⟨
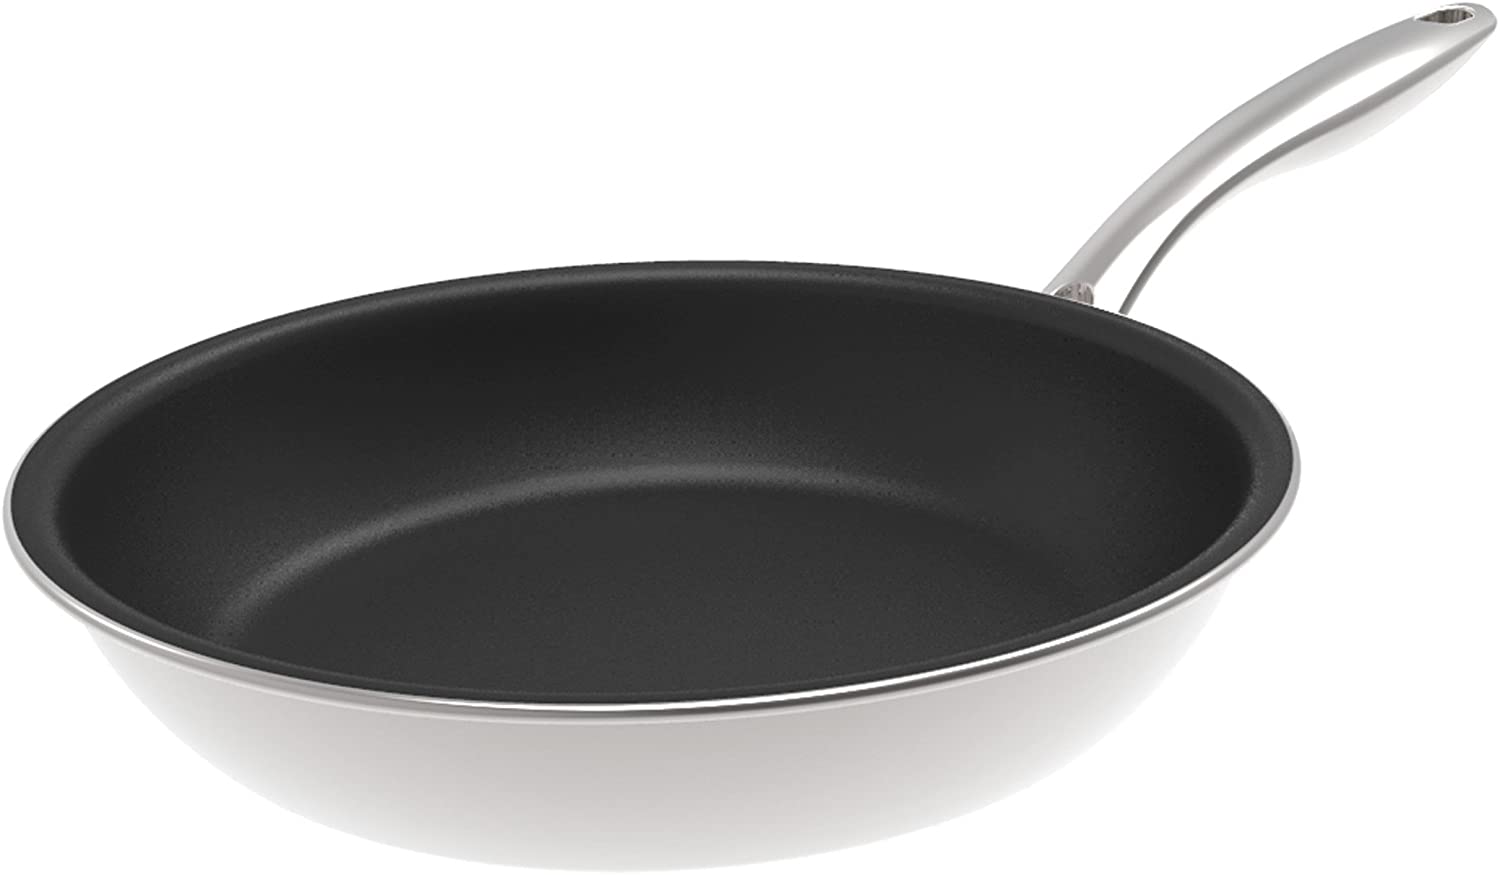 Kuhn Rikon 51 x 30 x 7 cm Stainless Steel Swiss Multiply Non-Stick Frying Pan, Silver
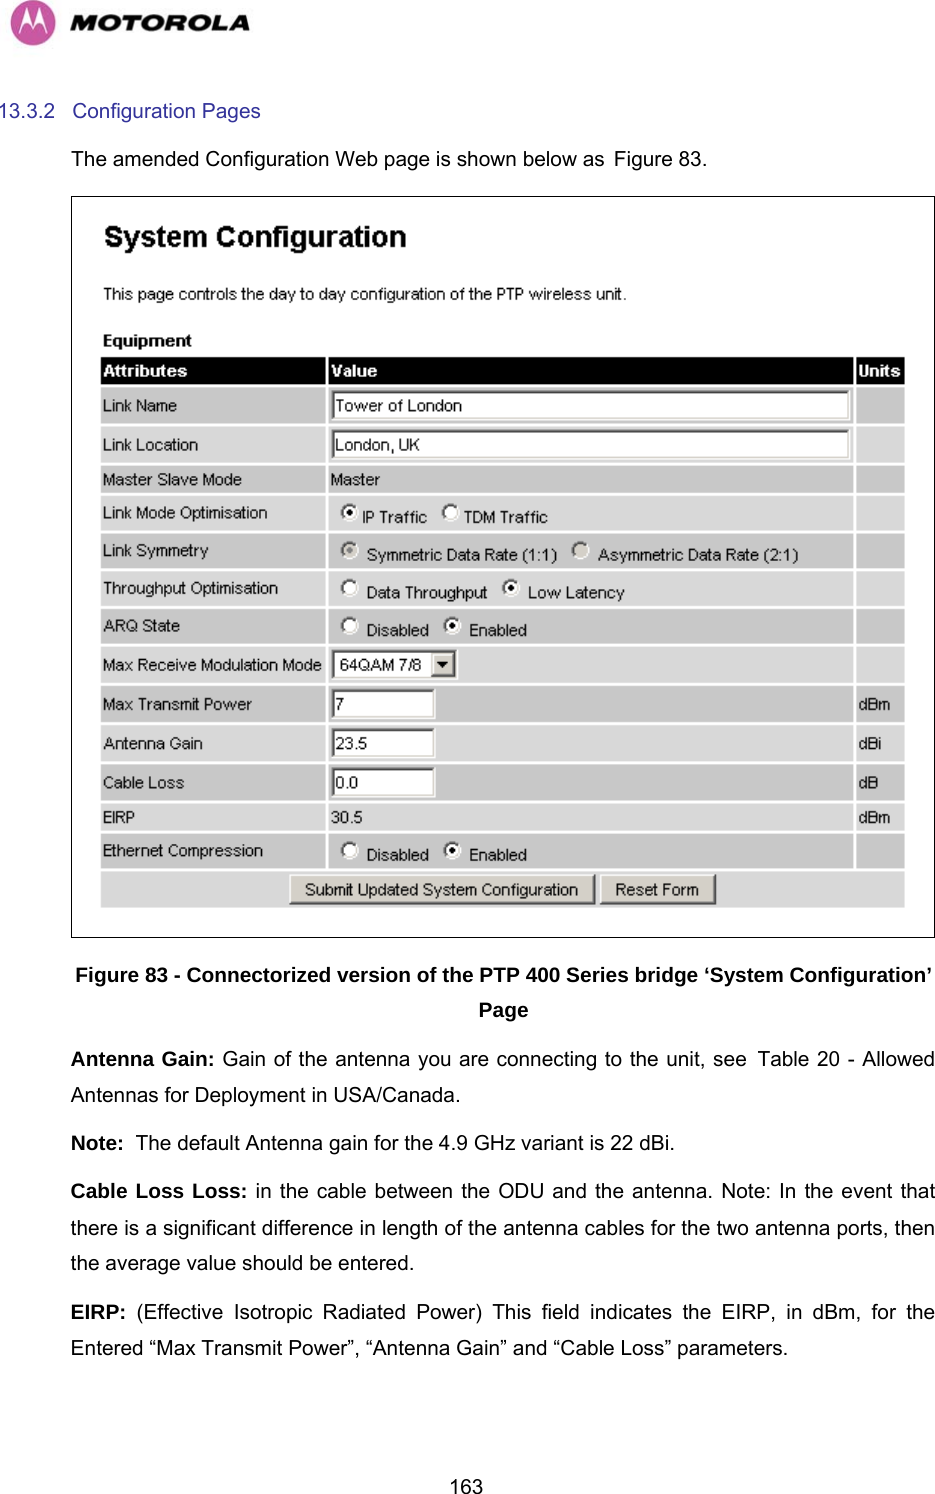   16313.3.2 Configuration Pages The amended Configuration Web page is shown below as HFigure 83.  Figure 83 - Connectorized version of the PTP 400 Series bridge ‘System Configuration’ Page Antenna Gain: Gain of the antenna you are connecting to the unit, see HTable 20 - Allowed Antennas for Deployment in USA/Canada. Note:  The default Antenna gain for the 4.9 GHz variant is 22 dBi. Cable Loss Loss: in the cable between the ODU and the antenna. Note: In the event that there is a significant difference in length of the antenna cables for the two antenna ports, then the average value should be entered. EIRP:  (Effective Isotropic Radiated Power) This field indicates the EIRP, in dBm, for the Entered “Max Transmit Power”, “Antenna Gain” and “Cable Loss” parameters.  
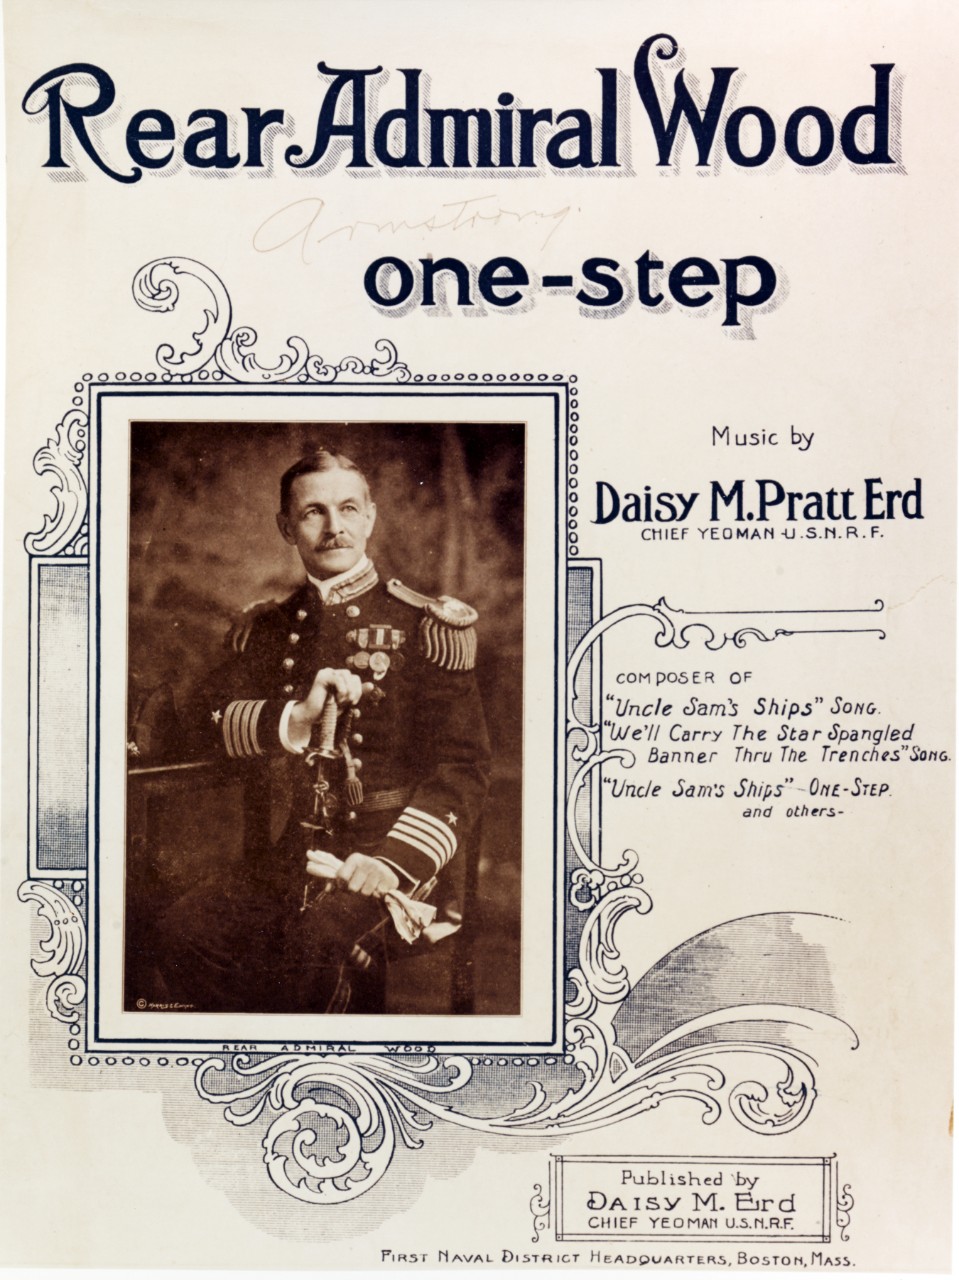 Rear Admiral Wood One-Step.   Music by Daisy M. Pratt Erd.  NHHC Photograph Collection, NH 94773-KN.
⟩
⟨
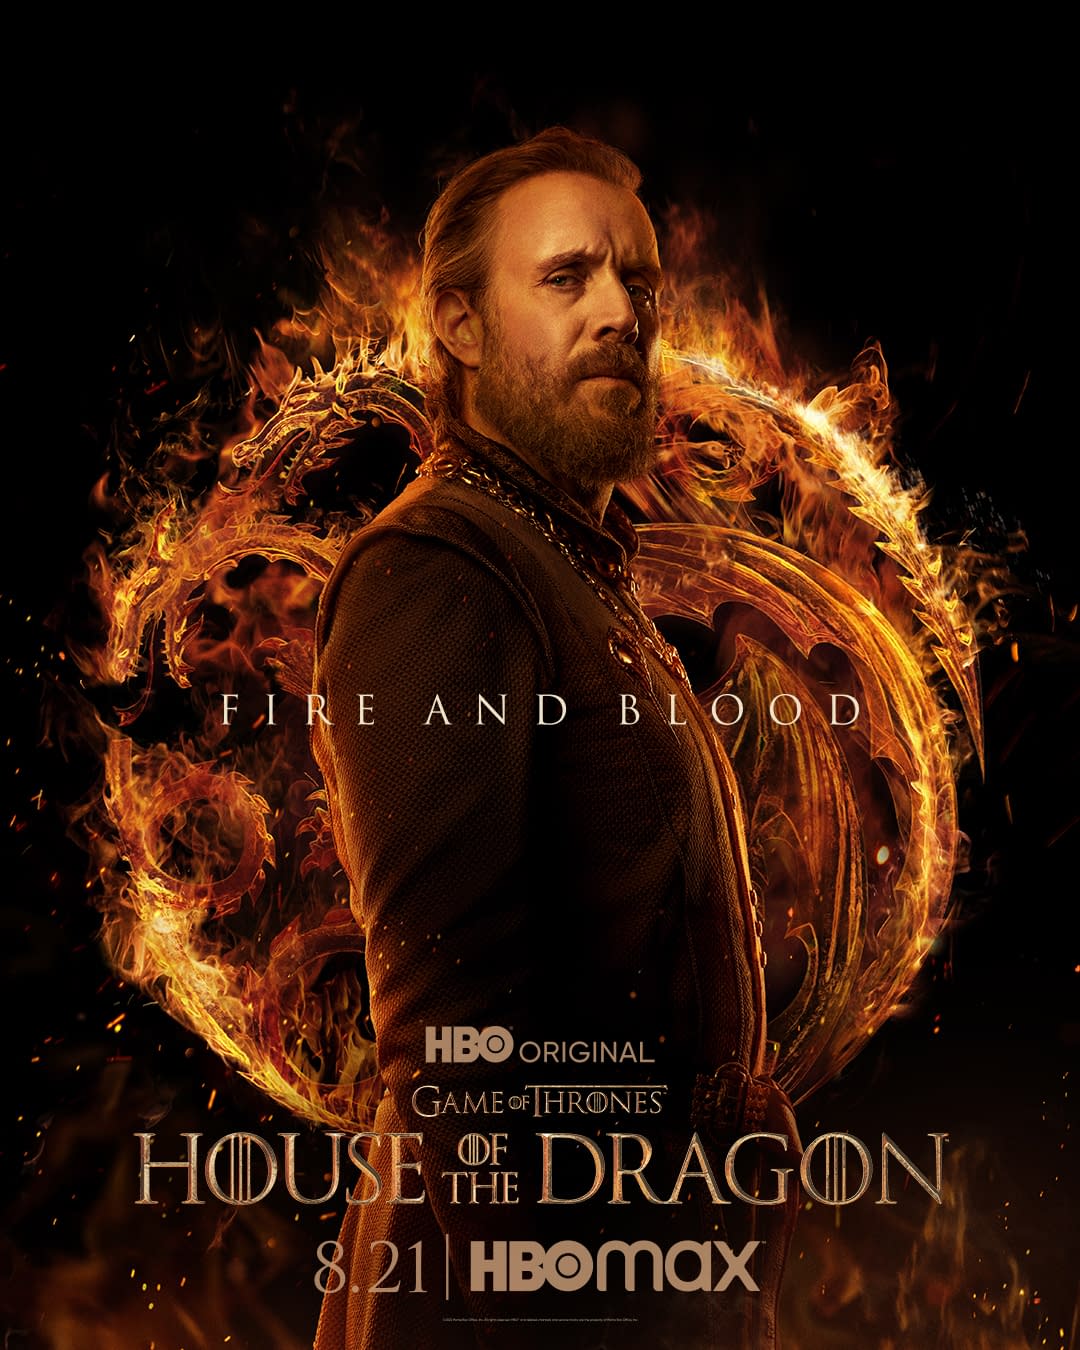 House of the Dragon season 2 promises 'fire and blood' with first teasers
⟩
→ **TO DO**: Restate word for word every line from the one with "Kuhn Rikon 51" up to and including the one with "Rear Admiral Wood" in the records above, minus the pictures.

→ **REPLY**:
 Kuhn Rikon 51 x 30 x 7 cm Stainless Steel Swiss Multiply Non-Stick Frying Pan, Silver
   16313.3.2 Configuration Pages The amended Configuration Web page is shown below as HFigure 83.  Figure 83 - Connectorized version of the PTP 400 Series bridge ‘System Configuration’ Page Antenna Gain: Gain of the antenna you are connecting to the unit, see HTable 20 - Allowed Antennas for Deployment in USA/Canada. Note:  The default Antenna gain for the 4.9 GHz variant is 22 dBi. Cable Loss Loss: in the cable between the ODU and the antenna. Note: In the event that there is a significant difference in length of the antenna cables for the two antenna ports, then the average value should be entered. EIRP:  (Effective Isotropic Radiated Power) This field indicates the EIRP, in dBm, for the Entered “Max Transmit Power”, “Antenna Gain” and “Cable Loss” parameters.  
 Rear Admiral Wood One-Step.   Music by Daisy M. Pratt Erd.  NHHC Photograph Collection, NH 94773-KN.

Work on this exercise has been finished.